Column: Werkgever loopt fors risico: Hoe maak je er betaalde uren van?

Het is wellicht het grootste probleem voor pensioenadviseurs. Het is in ieder geval een vaak gestelde vraag aan onze helpdesk. Enkele pensioenadviseurs slagen er heel goed in om uren te verkopen en zijn dan ook erg succesvol. Maar vaker laten adviseurs zich verleiden tot vaste tariefafspraken of doet men veel werk voor de klant om een (beheer)contract in de wacht te slepen. Daarbij vergeet men nog wel eens dat advies ook betaald moet worden.

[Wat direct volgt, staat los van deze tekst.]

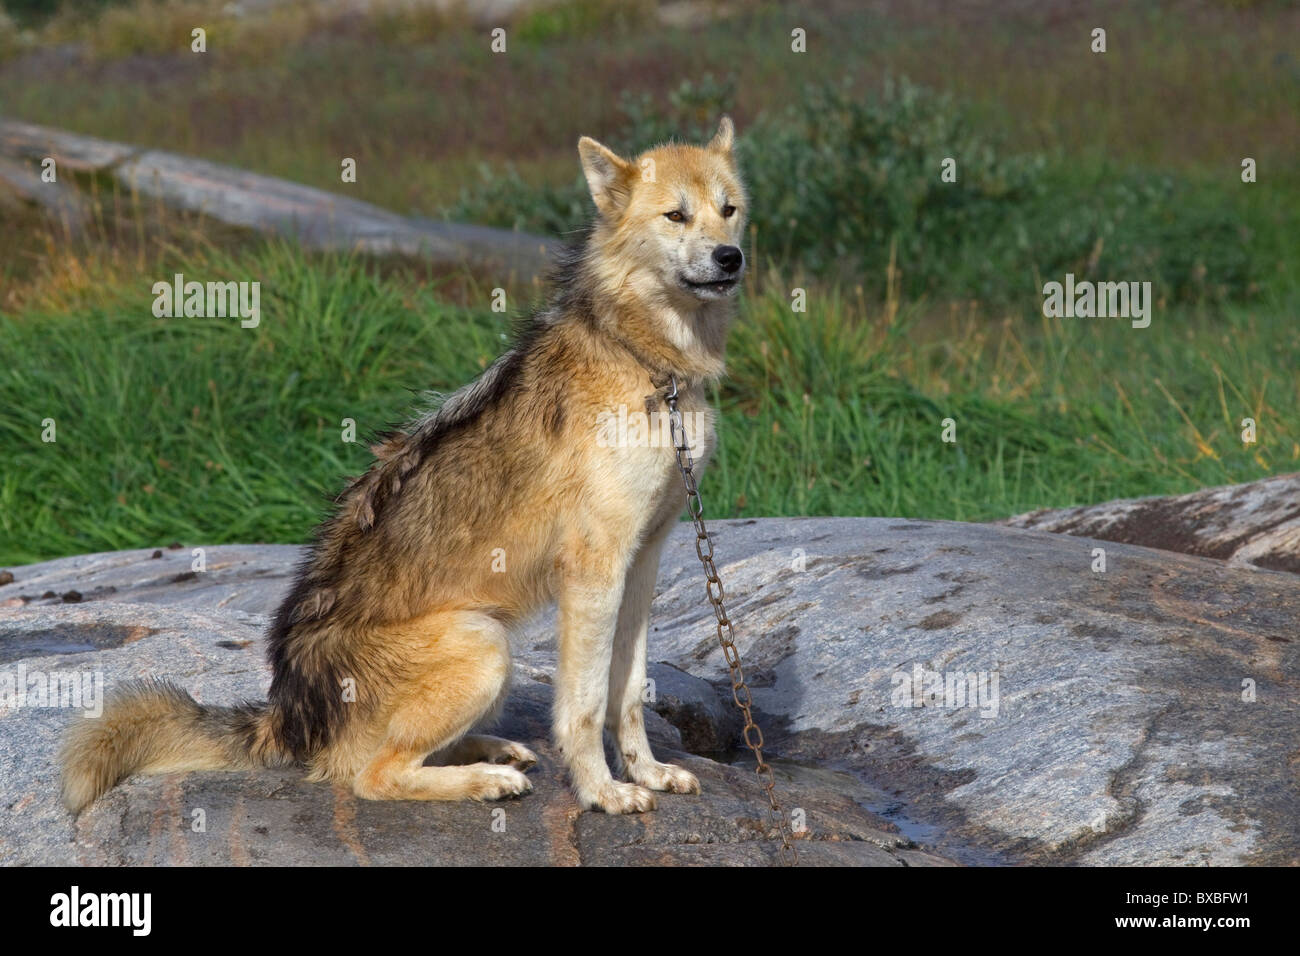 Greenland dog (Canis lupus familiaris), sledge dog, Ilulissat, West-Greenland, Greenland - Stock Image
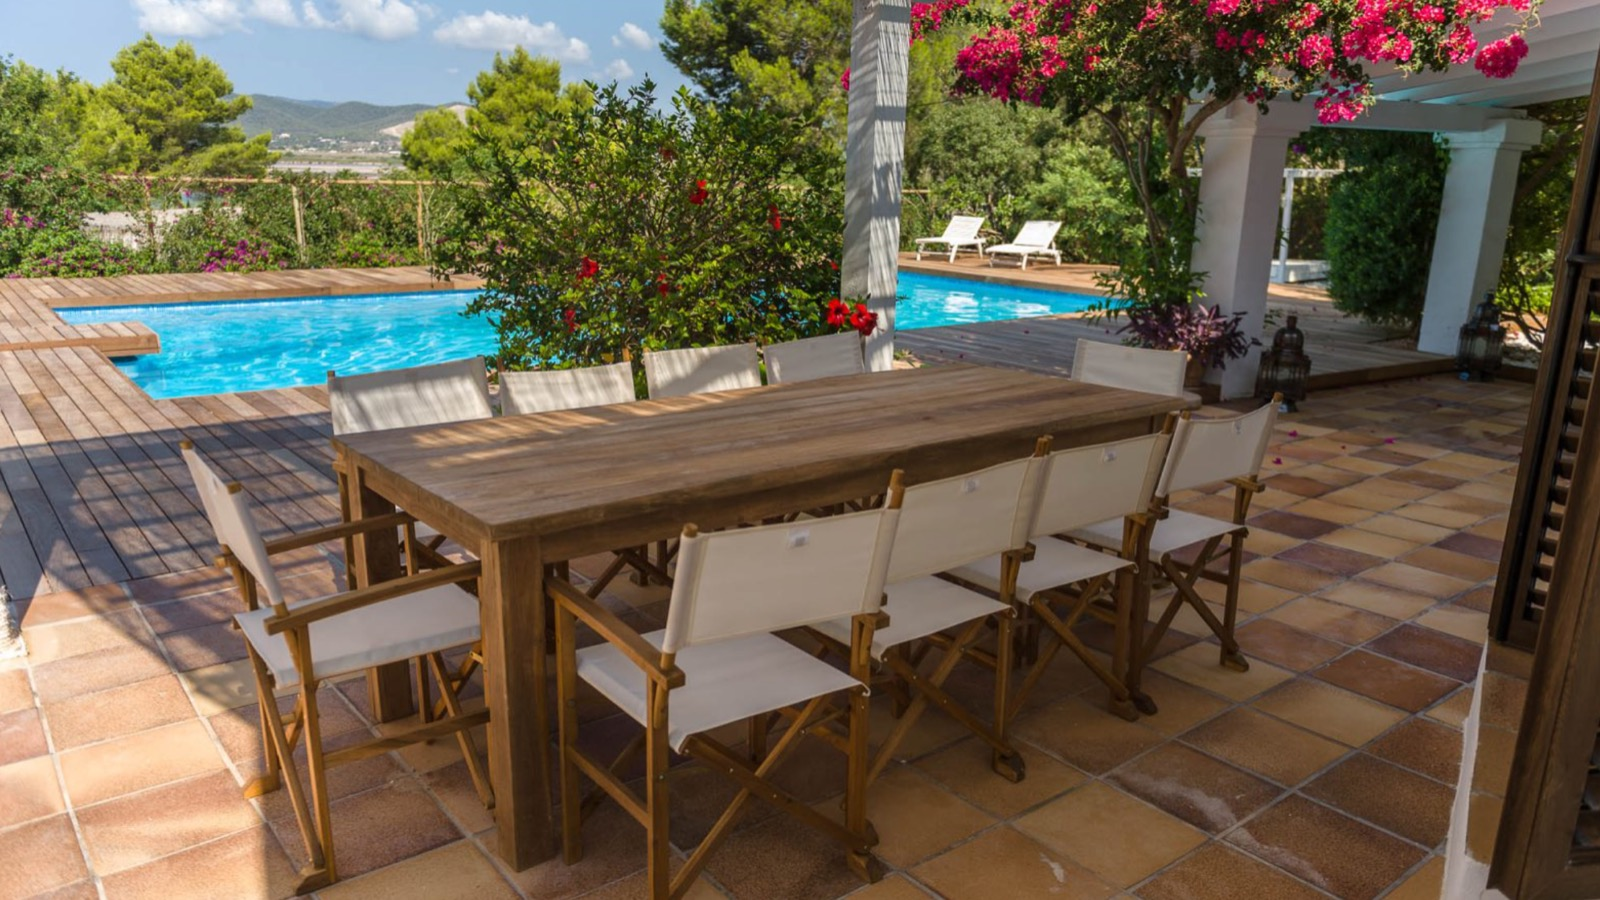 425 villa la salinas iangella ex nuriadcc86fd7-015c-4773-8785-80e8b2b0544d

Zo werd ik onlangs gebeld door een pensioenadviseur die nog maar kort bij ons is aangesloten. Hij had een vraag over een pensioenregeling die hij beheert voor een onderneming (en waarover hij adviseert). Hier werken acht personen en twee daarvan doen niet mee met de pensioenregeling. Zij hebben een afstandsovereenkomst getekend. De adviseur heeft de werkgever gewezen op het risico dat hij hiermee loopt. De werkgever heeft op zijn beurt nogmaals de vraag gesteld aan de werknemers of ze echt niet willen meedoen. Ook de werknemers blijven weigeren, dus het wijzen op het risico heeft niet geholpen. Of ik de adviseur in deze kwestie kan helpen. Hoe kan hij hier uren op verkopen, is de vraag.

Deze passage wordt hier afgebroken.